Большой, с уходящими амфитеатром рядами, зал гудел, шевелился и вдруг разом стих. На эстраду крупными, медленными шагами вышел высокий, черноволосый человек в яркой рубашке навыпуск. Заложив руки за спину, зычно и просто, точно не с эстрады, а у себя дома, обратился в зал:
— Что, товарищи, не поломать ли нам сегодня привычный уклад? Вместо основного докладчика, обычно многословного и скучного, начнем-ка сразу… ну, скажем, с боевых петухов?
— Правильно, давай! Пусть сама молодежь слово скажет! — загудели в зале.
Высокий вскинул руку:
— Слушателей нет. Есть участники спора. Согласны? Начнет его вам известный…
На эстраду, не дав ему договорить, выбежал короткий человечек в сияющих очках, с разбухшим портфелем. Высокий развел руками и спрыгнул прямо в зал.
— Я буду краток! Я привык сразу брать быка за рога!.. — начал коротыш.
— Опять этот? Попал уже раз в фельетон…
— Нет, не скажите, эрудит!
— А, краснобай… — зашептались вокруг.
Коротыш бросил портфель прямо на пол:
— Общеизвестна поговорка: «Курица — не птица, студентка — не девица»!
Зал грохнул. Аплодисменты потонули в топоте, свисте.
— Это кто, поэт? — шепотом спросила Лена.
— Молчи!.. — зашипела Дина. — Поэты позже, сначала диспут о современной молодежи. Этого выпустили для затравки.
Коротыш театрально поднял руку:
— Аудитория подготовлена? Начинаю. Грядущее ждет от нас ответа. Кто же оно, поколение сильных, смелых, могучих?
Говорил он горячо, но его то и дело перебивали каверзными репликами:
— Старо
Коротыш огрызался, подпрыгивал от ярости. Лена плохо понимала его. Перепутываясь, сыпались слова: новая этика, буржуазные предрассудки, отрыжка нэпа, угроза мещанства, проблемы пола… Зато она с интересом рассматривала сидящих и даже стоящих в зале. Тут были и разряженные дамы в мехах, и румяные стриженые девушки в косоворотках, большеротые юнцы, вроде того лохмача, дяди во френчах и старцы в пенсне, с блокнотами в руках… Дина же слушала оратора с горящими ушами, раздувая ноздри, толкала Лену в бок, азартно шепча:
— Ты слышишь, эмо-цио-нальный?
Или:
— Старый идиот, это же надо доказать!
Когда в зале разгоралась перепалка, Лена тоже начинала хлопать или повизгивать. Было так занятно!

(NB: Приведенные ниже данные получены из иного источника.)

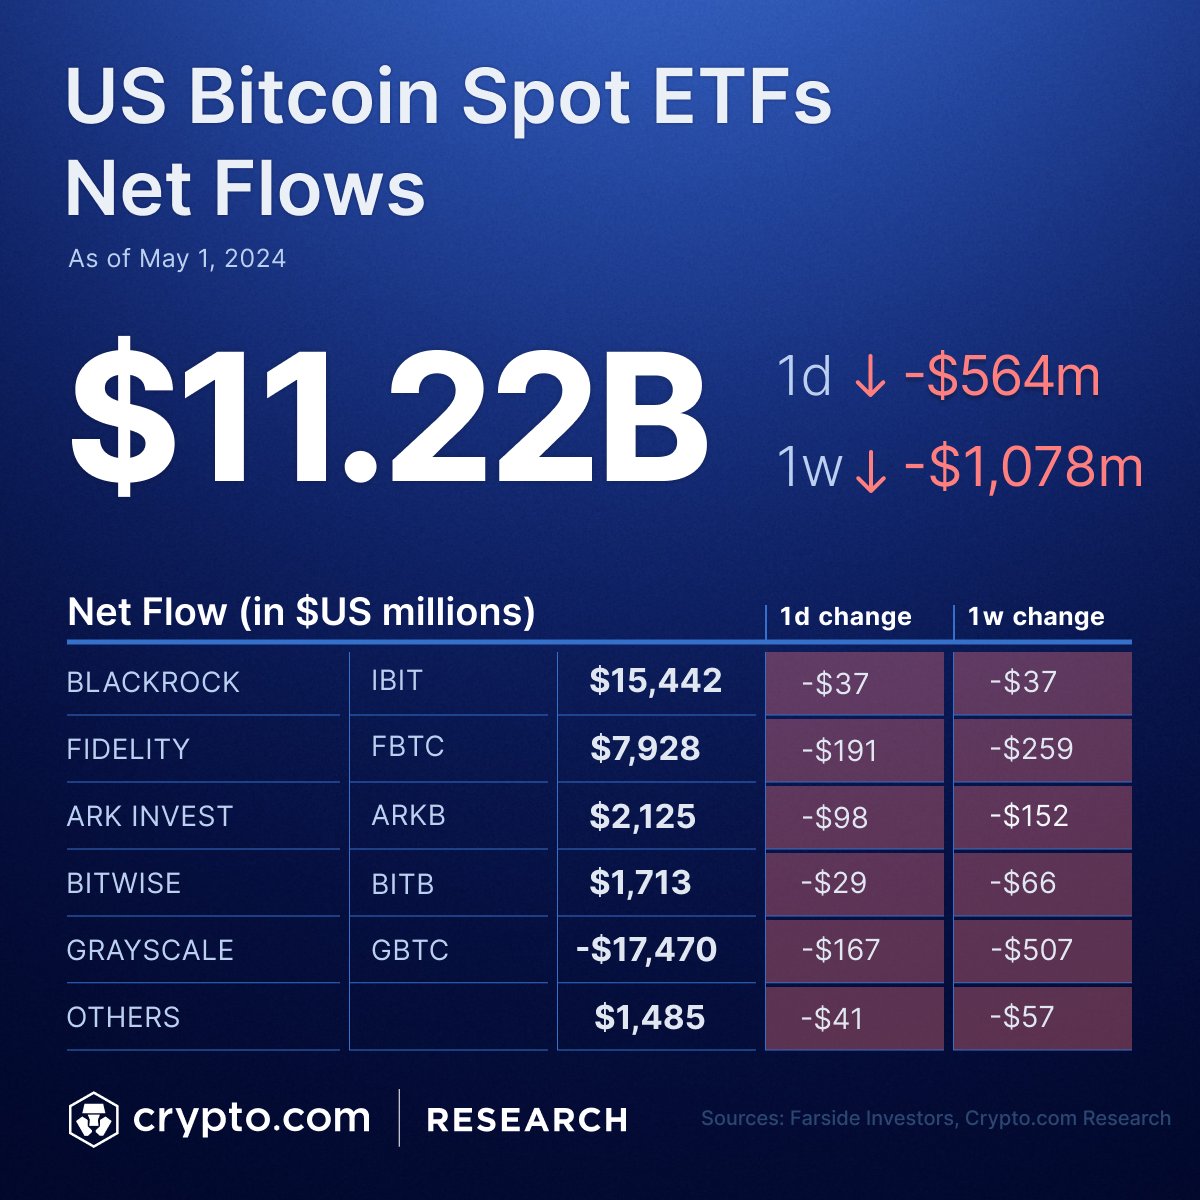 💸 Latest data shows US Spot #Bitcoin ETFs with a total net inflow of $11.22B. On 1 May, the ETFs saw its largest daily net outflow of $564M since launch. Blackrock’s IBIT also saw its first day of net outflow.
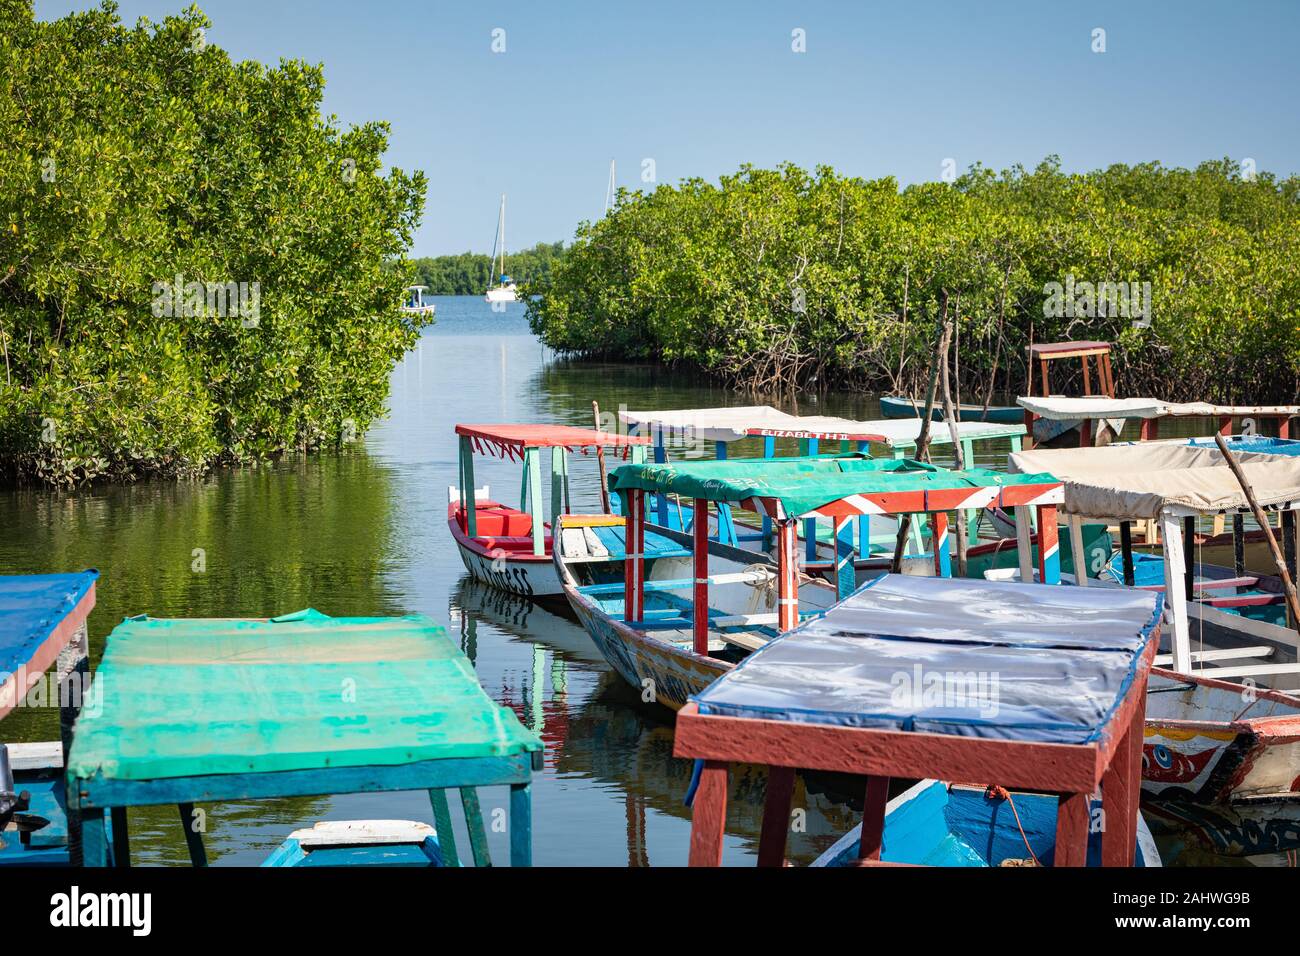 Gambia Mangroven. Lamin Lodge. Traditionelle lange Boote. Green mangrove Bäume im Wald. Gambia. Stockfoto

Но вот слово взял секретарь комсомола большого московского завода. На эстраду тихо, словно робея, вышел застенчивый с виду паренек в ковбойке. У него были льняные волосы и мальчишеский ясный голос.
— Предыдущий оратор знает все, — насмешливо и звонко сказал он. — Вы убедились в этом. Он спец в вопросах философии, литературы, истории. Он знает точно, что, когда и кто из великих людей сказал по любому вопросу… — Паренек помолчал. — Но он очень плохо знает то, о чем должен был говорить: нашу советскую молодежь!
Теперь зал грохнул, раскатился овацией.
— Правильно! — пискнула и Лена.
— Ты-то что понимаешь? — изумилась Дина.
— Я не понимаю, я чувствую!
— Ну и сиди тихо со своими чувствами. Он замечательно говорит. Смотри, очкарик уже лысину вытирает. Сейчас от него мокрое место останется!
— А ты тоже молчи, слушать мешаешь, — отомстила Лена.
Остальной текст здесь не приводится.